*ABOUT THIS TASK*. Restate word for word the lines below from the one that has "4 - Golf Sportsvan 2.0 TDI 150 FAP BMT" through the one that has "цена на Иван Бунин Кастрюк", keeping both and dropping all pictures.

*RECORDS SUPPLIED*.
⟨
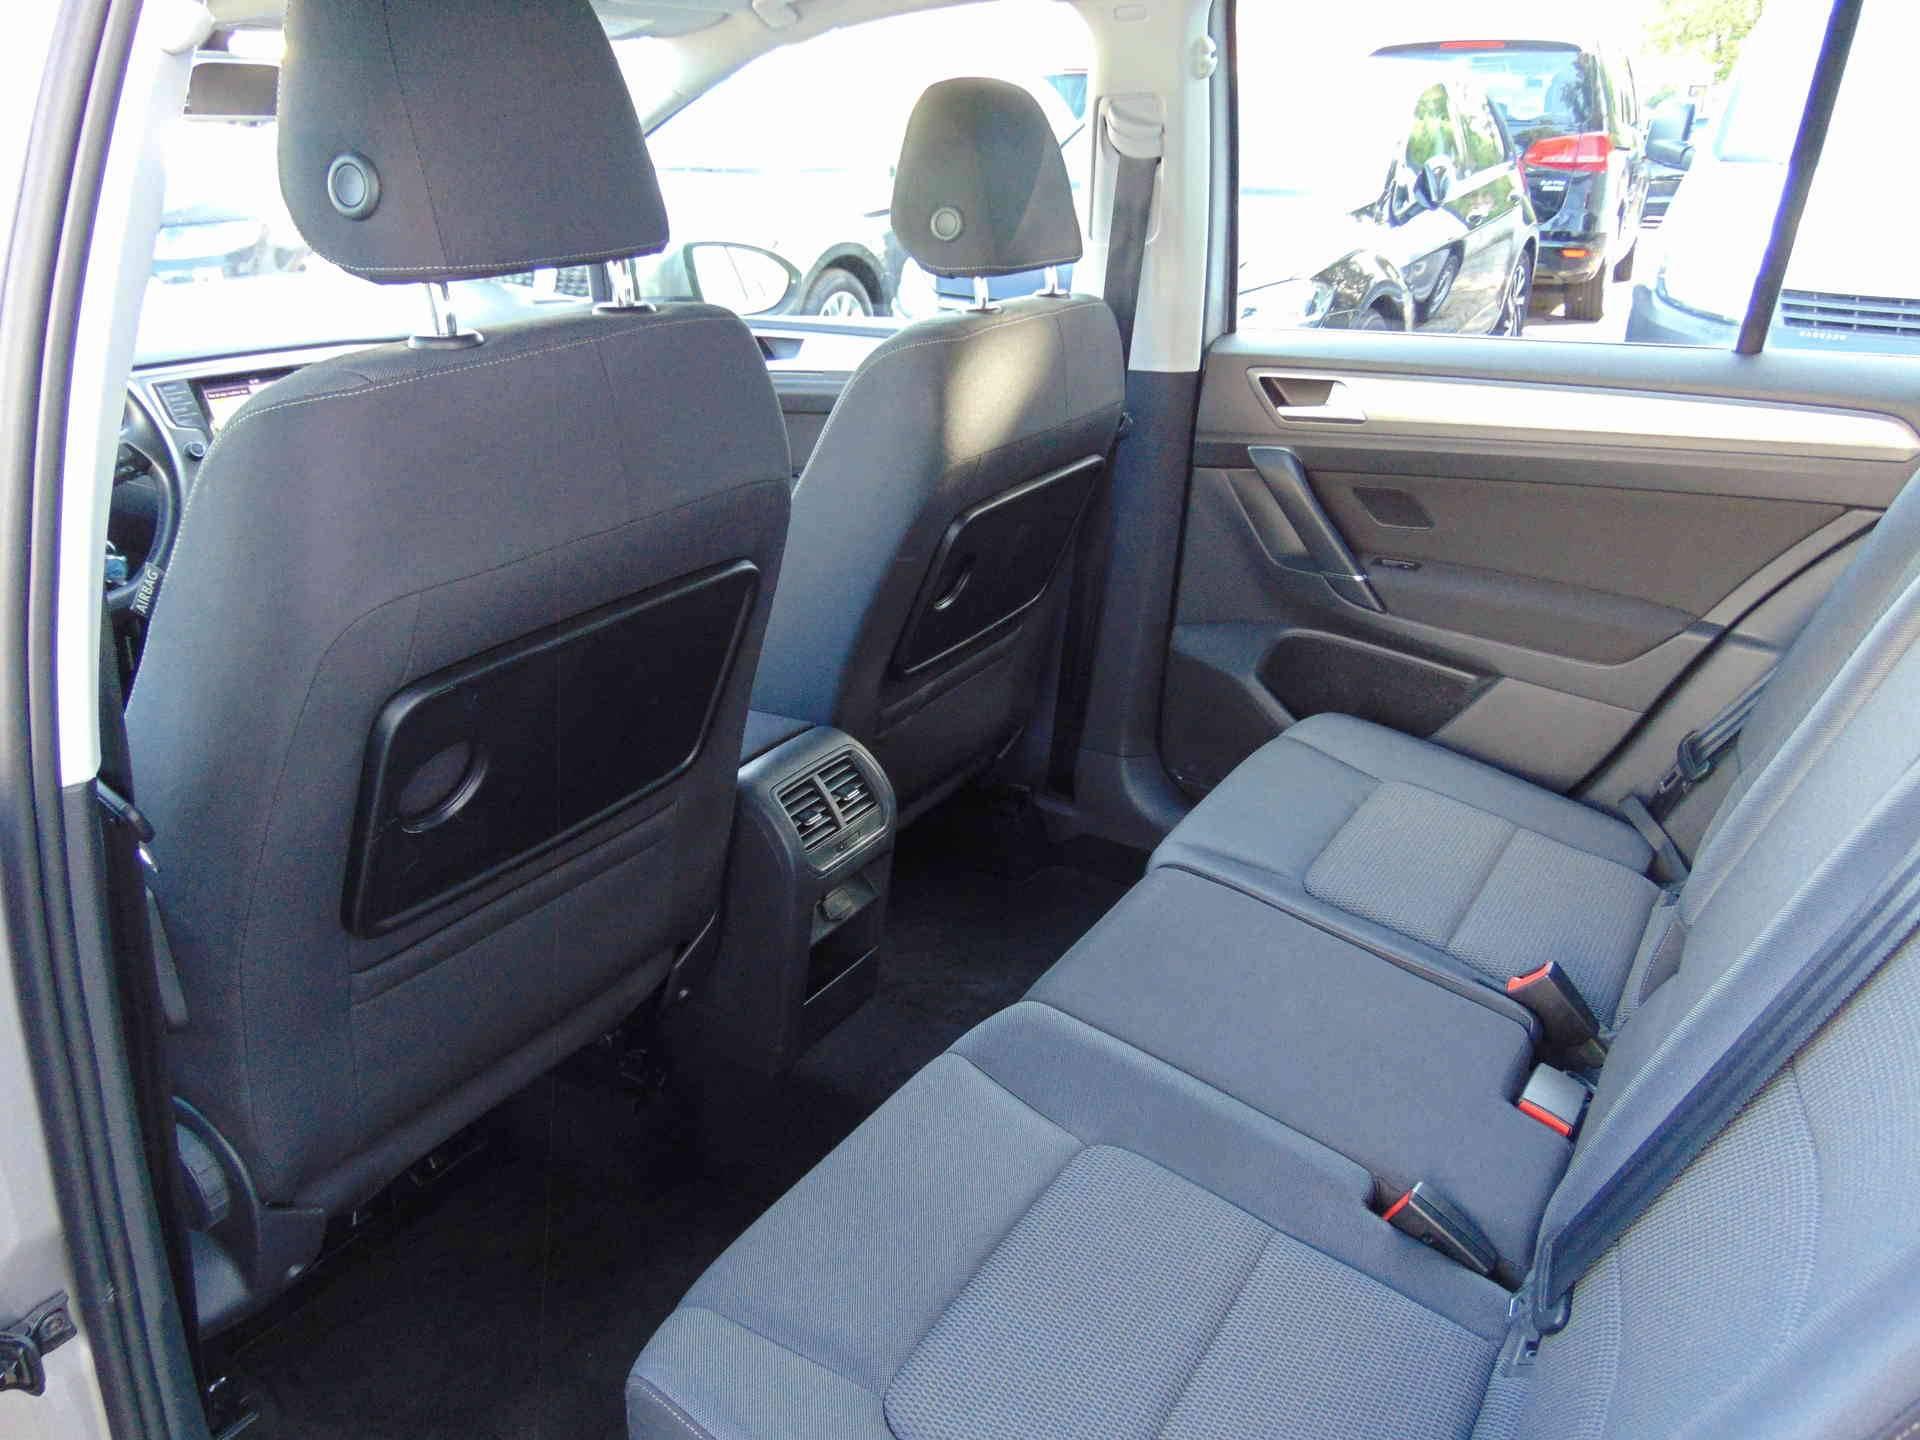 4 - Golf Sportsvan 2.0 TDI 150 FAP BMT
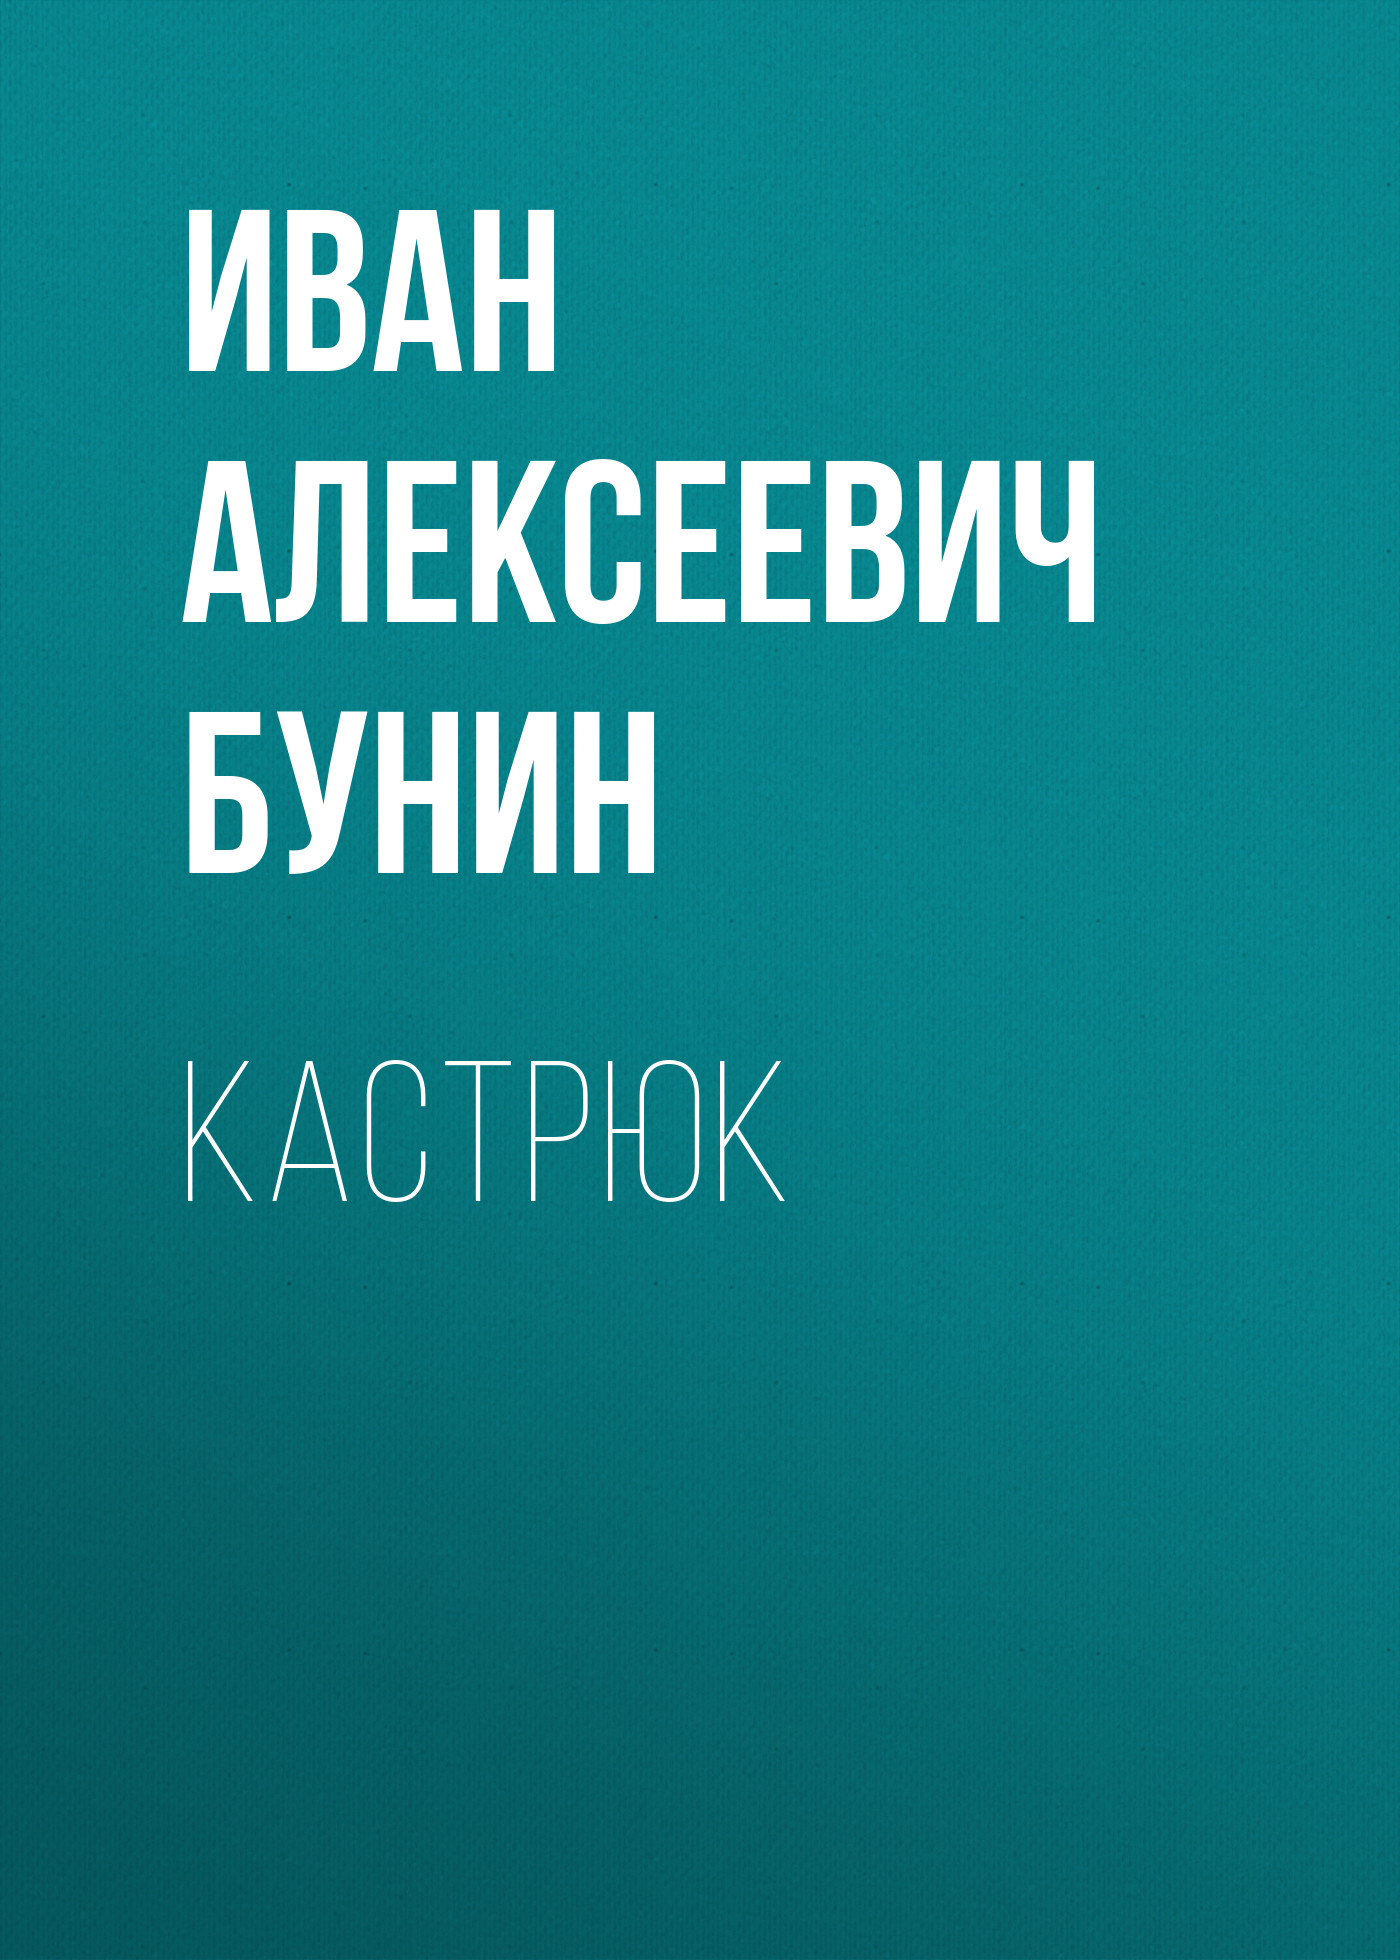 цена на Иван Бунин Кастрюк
⟩
⟨
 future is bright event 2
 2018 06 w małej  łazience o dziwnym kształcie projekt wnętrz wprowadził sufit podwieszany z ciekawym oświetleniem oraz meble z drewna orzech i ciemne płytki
⟩
*PROBLEM SOLUTION*.
 4 - Golf Sportsvan 2.0 TDI 150 FAP BMT
 цена на Иван Бунин Кастрюк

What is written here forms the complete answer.